Water privatization in Brazil has been initiated in 1996. In 2008 private companies provided 7 million Brazilians - 4% of the urban population - in 10 of the country's 26 states with drinking water. The private sector holds 65 concession contracts in the states of São Paulo, Rio de Janeiro, Espírito Santo, Mato Grosso, Mato Grosso do Sul, Santa Catarina, Minas Gerais, Paraná, Pará and Amazonas. Private companies have committed to invest 4.5 billion reais (US$2.8 bn) in the sector.  The bulk of Brazil's population receives water and sanitation services from public municipal or state-level utilities (see Water supply and sanitation in Brazil).

Water privatization in Brazil has been relatively limited compared to other infrastructure sectors (power, transport, telecommunications). Compared to other Latin American countries, it has been more stable than in Argentina and Bolivia, but also less widespread than for example in Chile. As under all concession contracts, the infrastructure itself remains public, but is being operated by the private sector. Likewise, water resources themselves remain publicly owned. Most concession contracts have been awarded by municipalities. A lack of legal clarity as to the right of state governments to also award concession contracts has thwarted some efforts at water privatization, notably in the state of Rio de Janeiro.

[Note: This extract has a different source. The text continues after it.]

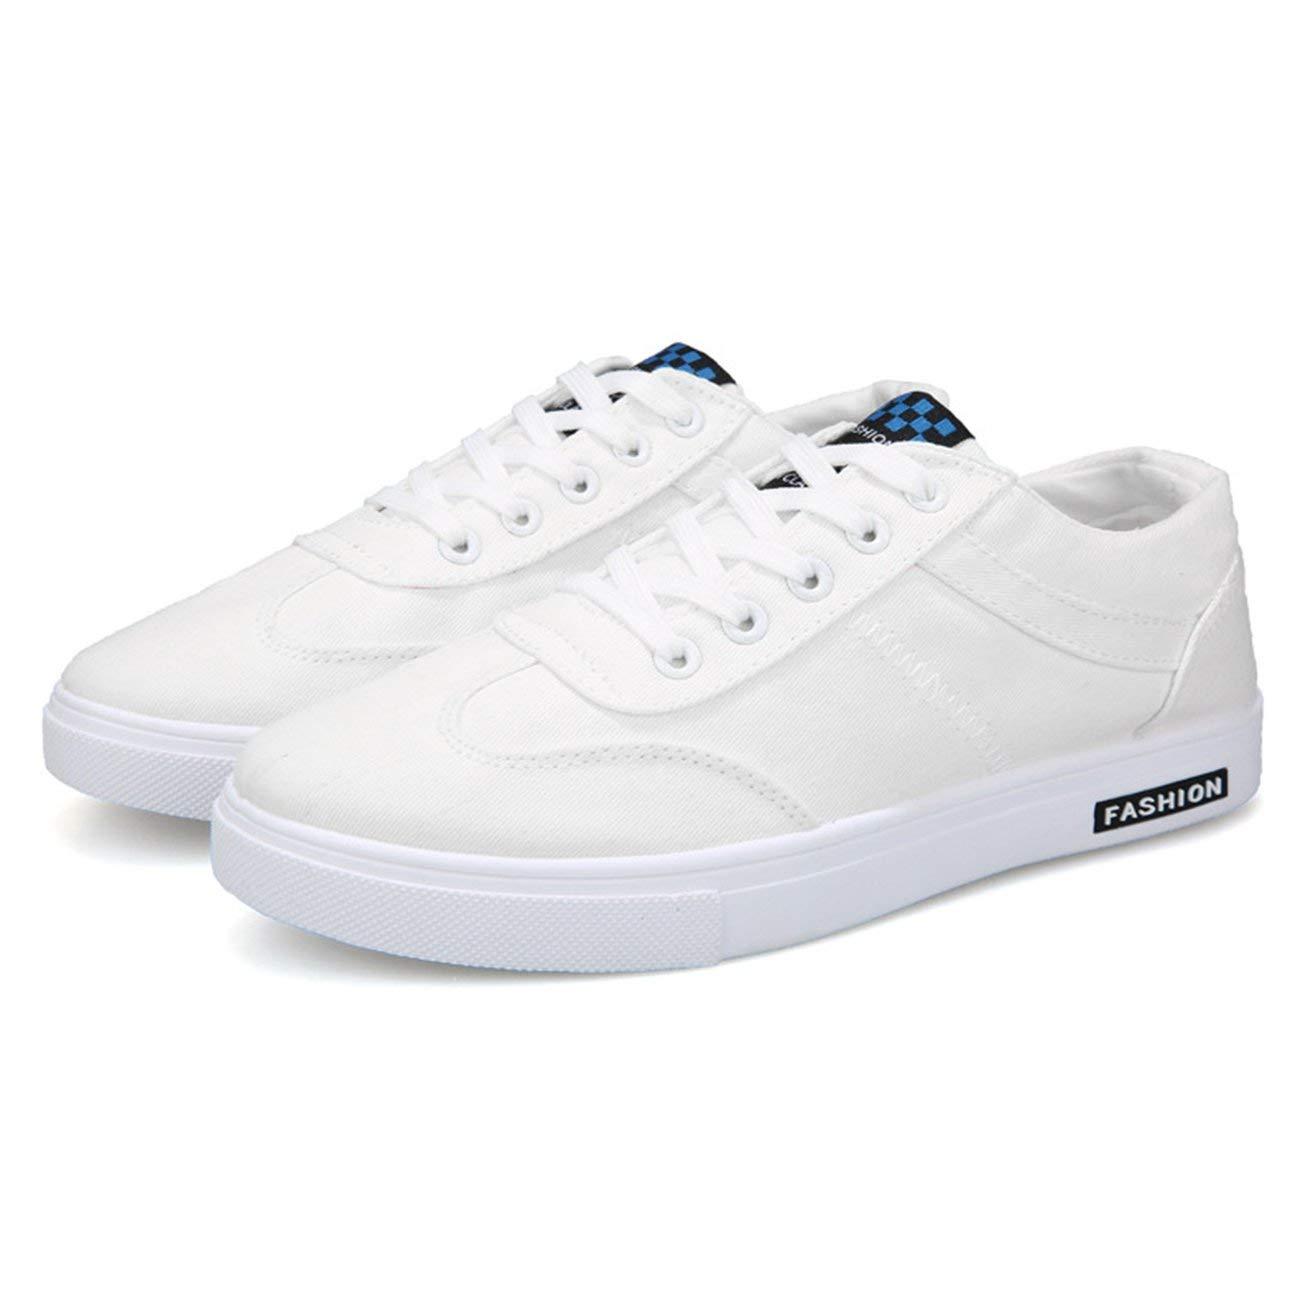 Printemps Automne Hommes Chaussures Mode Tendance Chaussures Casual Chaussures de Toile Respirante Jiobapiongxin
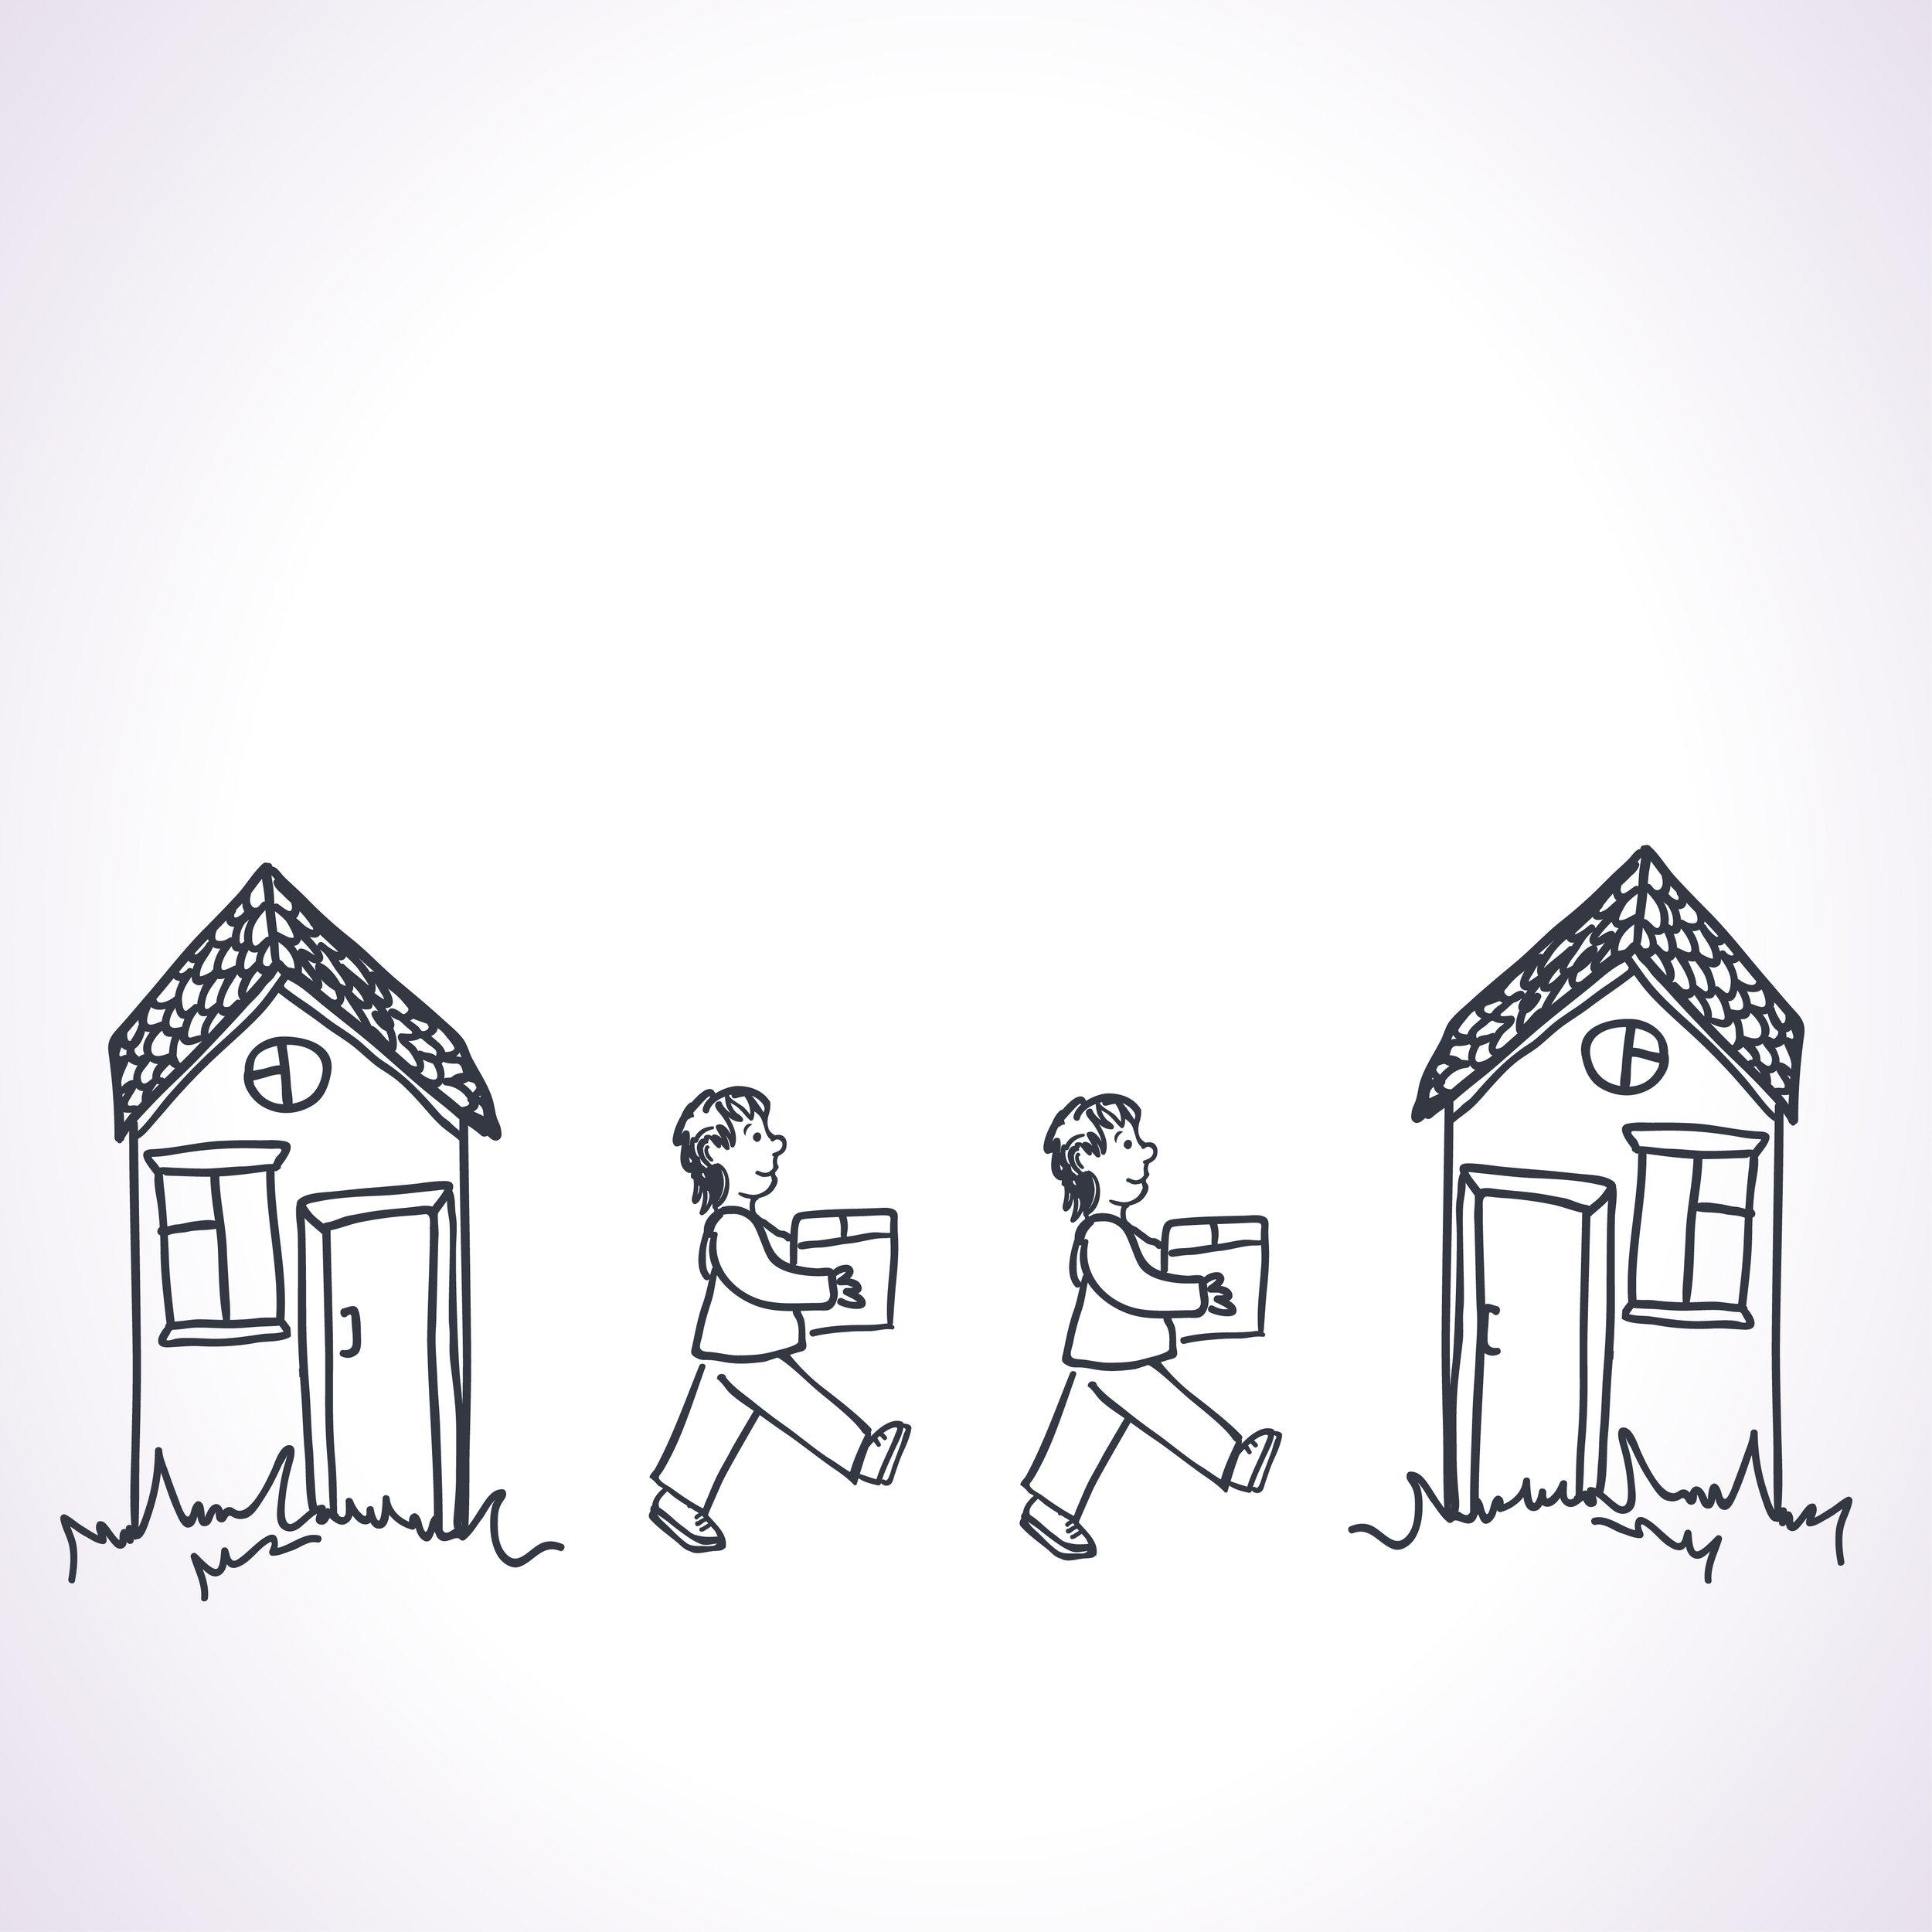 change of address - an illustration

Privatization in Brazil has taken place without having previously developed a comprehensive regulatory regime, as it was the case in Chile. The impact of water privatization on access, investment, service quality, water use, tariffs and efficiency has been assessed in a 2008 study with the support from various Brazilian stakeholders as part of a global multistakeholder dialogue on water and the private sector.

History

19th century

The first water privatizations in Brazil took place with English capital in Rio de Janeiro (1857) and São Paulo (1877) at the time of the post-colonial Empire under Pedro II of Brazil. Two decades later Campanhia Cantareira's services In São Paulo were deemed unsatisfactory and its contract was not renewed. Rio de Janeiro's services were similarly re-municipalized a few years later following "popular uprising."

Water privatization in the 1990s 

Privatization in Brazil was initiated under President Collor, through the Programa Nacional de Desestatização created in April 1990. In infrastructure, a major privatization program was initiated only in 1994, covering energy, transport, water supply and sanitation and telecommunications.

Between 1994 and 2000 a total of 38 private sector contracts (concessions, BOTs and service contracts) were signed, with investment commitments of more than US$2.5 billion. The nine first private concession agreements were in 1994-96 were all in the state of Sào Paulo (Limeira, Mairinque, Marília, Mineiros do Tietê, Ourinhos, Pereiras, São Carlos, Salto and Tuiuti).

To support the privatization effort, in 1997 the Workers Compensation Fund FGTS approved the use of 10% of the funds allocated for the Pró-Saneamento program to be directed towards privatization. In the same year, the Caixa Economica Federal, which was a main source of funding for water and sanitation, established a Special Water Works Concession Bureau (Eesan) to support private concessions. International financial institutions such as the World Bank supported private sector participation. For example, according to Miranda, following an unsuccessful 1999 attempt to privatize Compesa, the state water company of Pernambuco, it became extremely difficult to craft an acceptable loan proposal sans privatization.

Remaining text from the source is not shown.